Application profiling tools are not new, but they are often a hassle to use. Many profilers require you to recompile your application or at the very least to rerun it, making them less than ideal for the lazy developer who would like to debug performance issues on the fly.
Earlier this year, we built the tool we’d like to have in our personal perf toolkit - a continuous profiler that is incredibly easy to use: no instrumentation, no redeployment, no enablement; just automatic access to CPU profiles whenever needed.
Over the next 3 blog posts, we’ll show how to build and productionize this continuous profiler for Go and other compiled languages (C/C++, Rust) with very low overhead (<1% and decreasing):
Want to try out Pixie’s profiler before seeing how we built it? Check out the tutorial.

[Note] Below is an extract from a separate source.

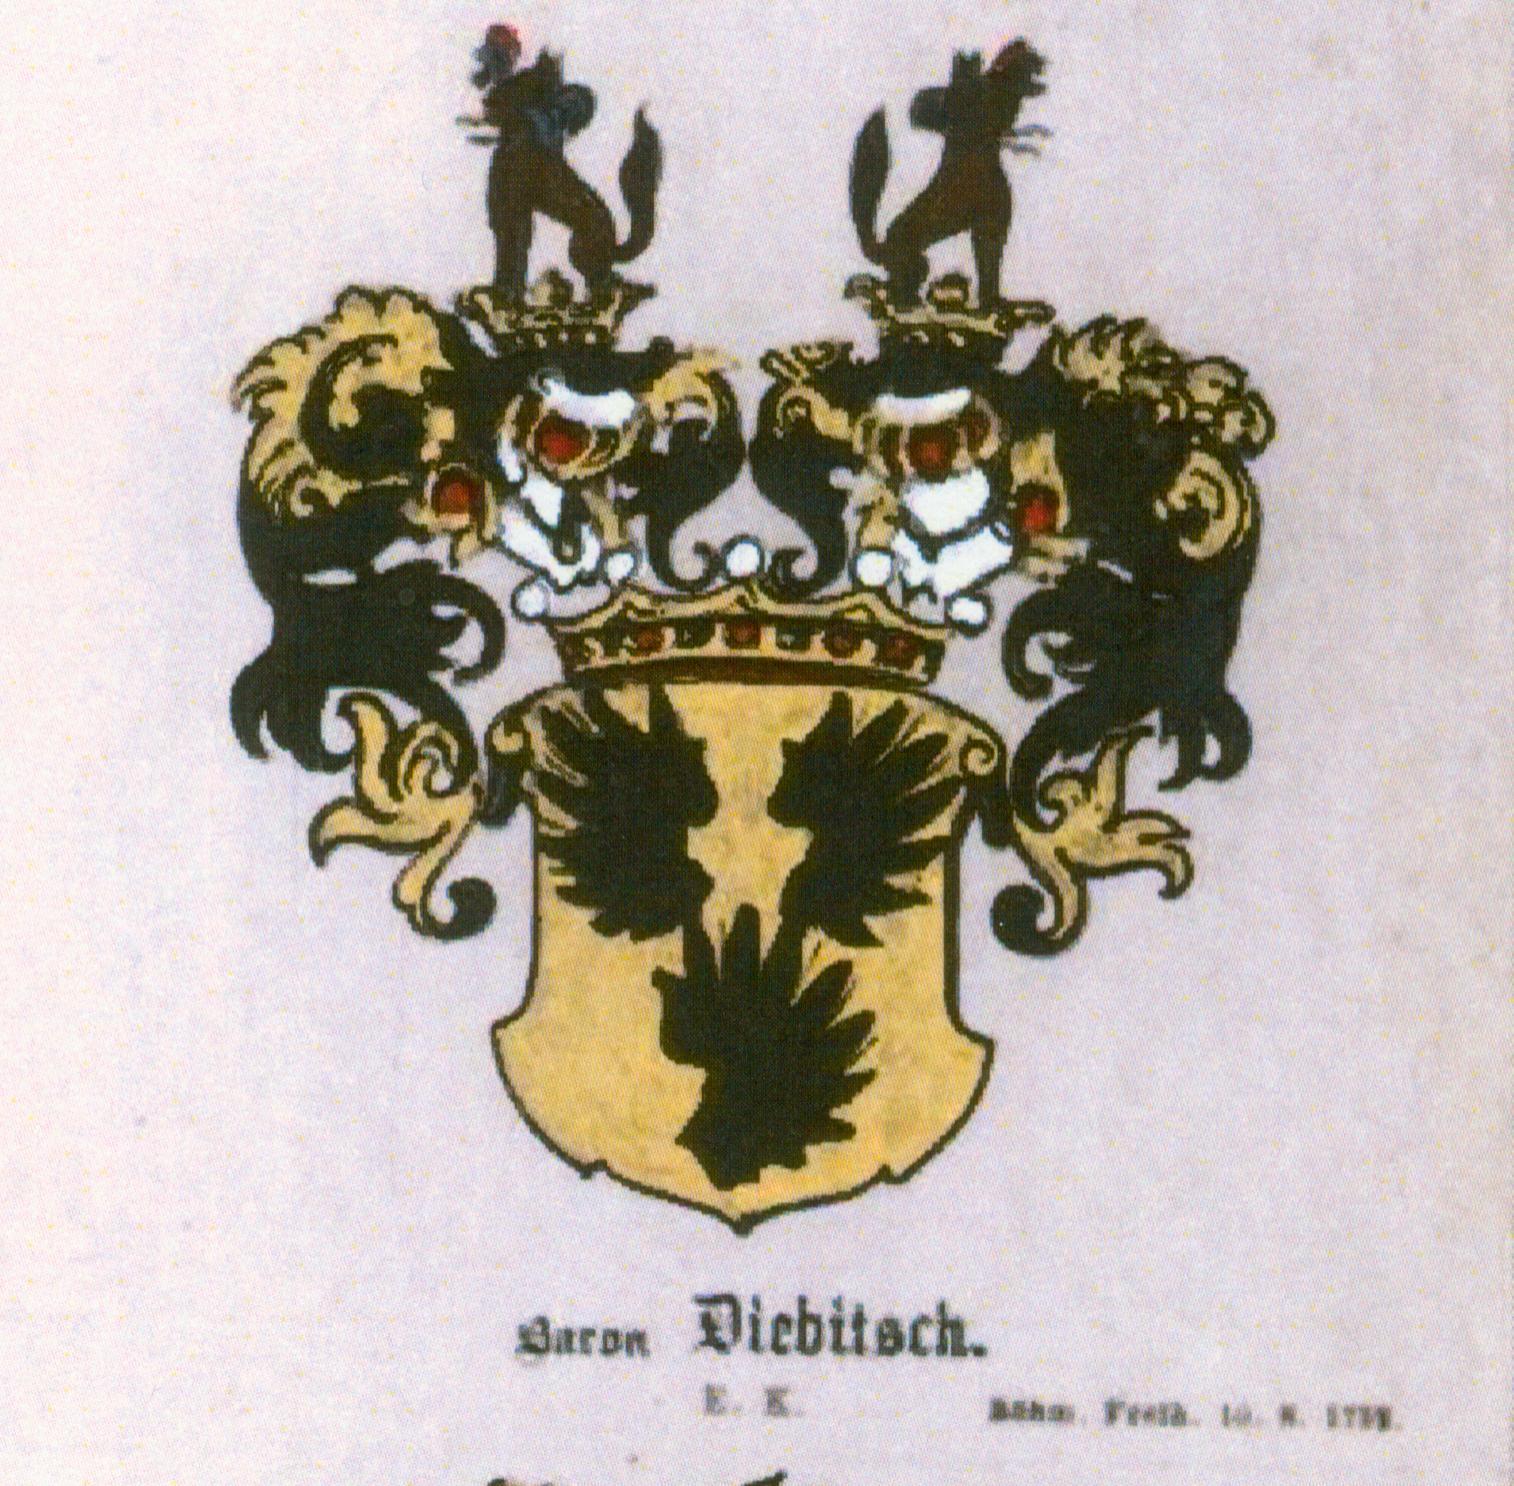 Diebitsch (5)
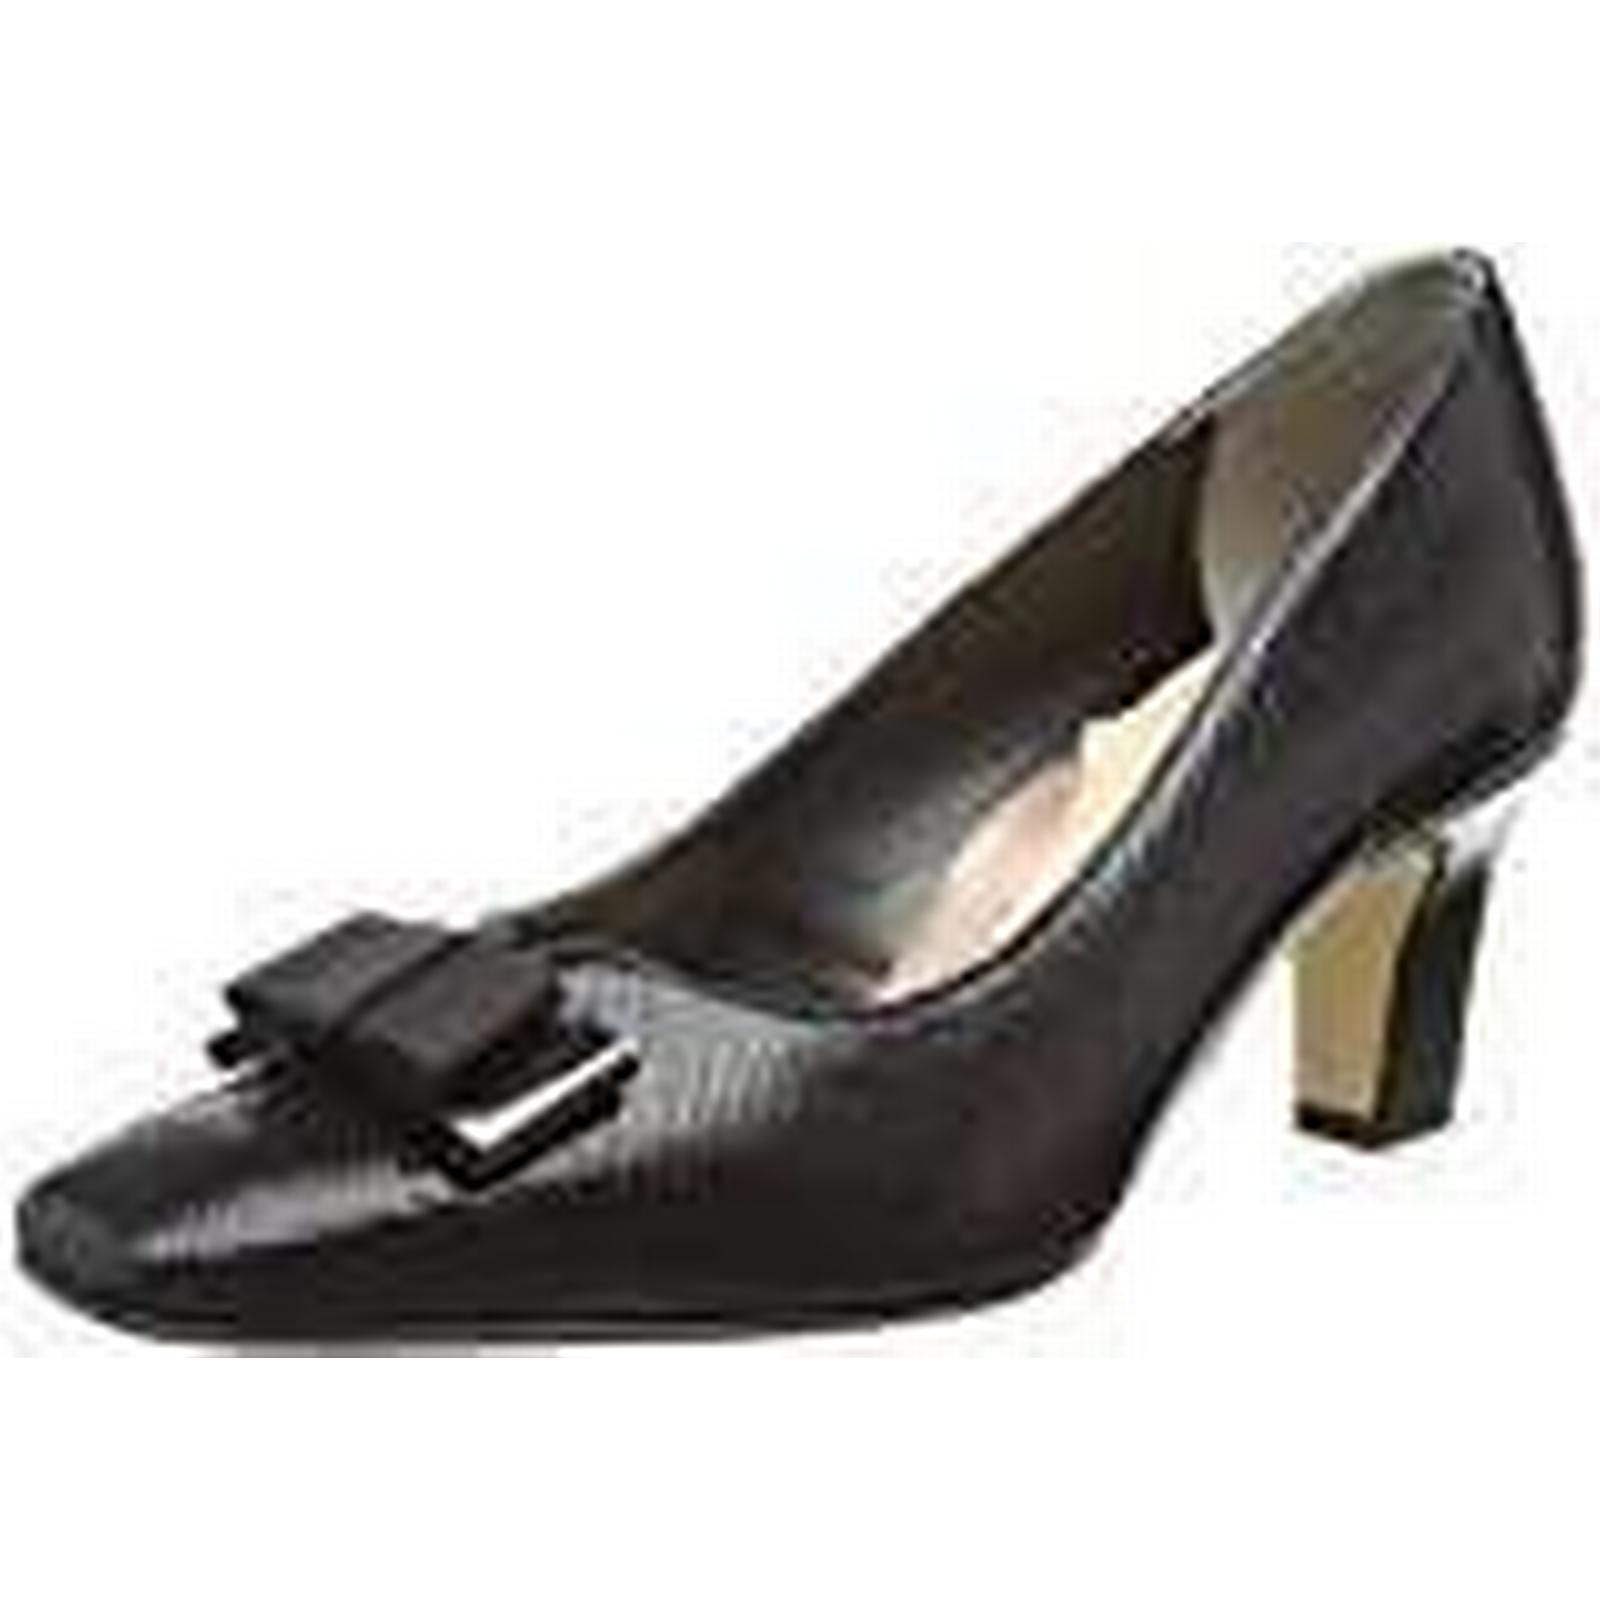 Van Dal Women's Kett Closed Print), Toe Heels, (Black Reptile Print), Closed 6 UK 39 EU cabefa

The job of an application performance profiler is to figure out where your code is spending its time. This information can help developers resolve performance issues and optimize their applications.
For the profiler, this typically means collecting stack traces to understand which functions are most frequently executing. The goal is to output something like the following:
70% main(); compute(); matrix_multiply()10% main(); read_data(); read_file()5% main(); compute(); matrix_multiply(); prepare()...
Above is an example stack traces from a profiler. Percentages show the number of times a stack trace has been recorded with respect to the total number of recorded stack traces.
This example shows several stack traces, and immediately tells us our code is in the body of matrix_multiply()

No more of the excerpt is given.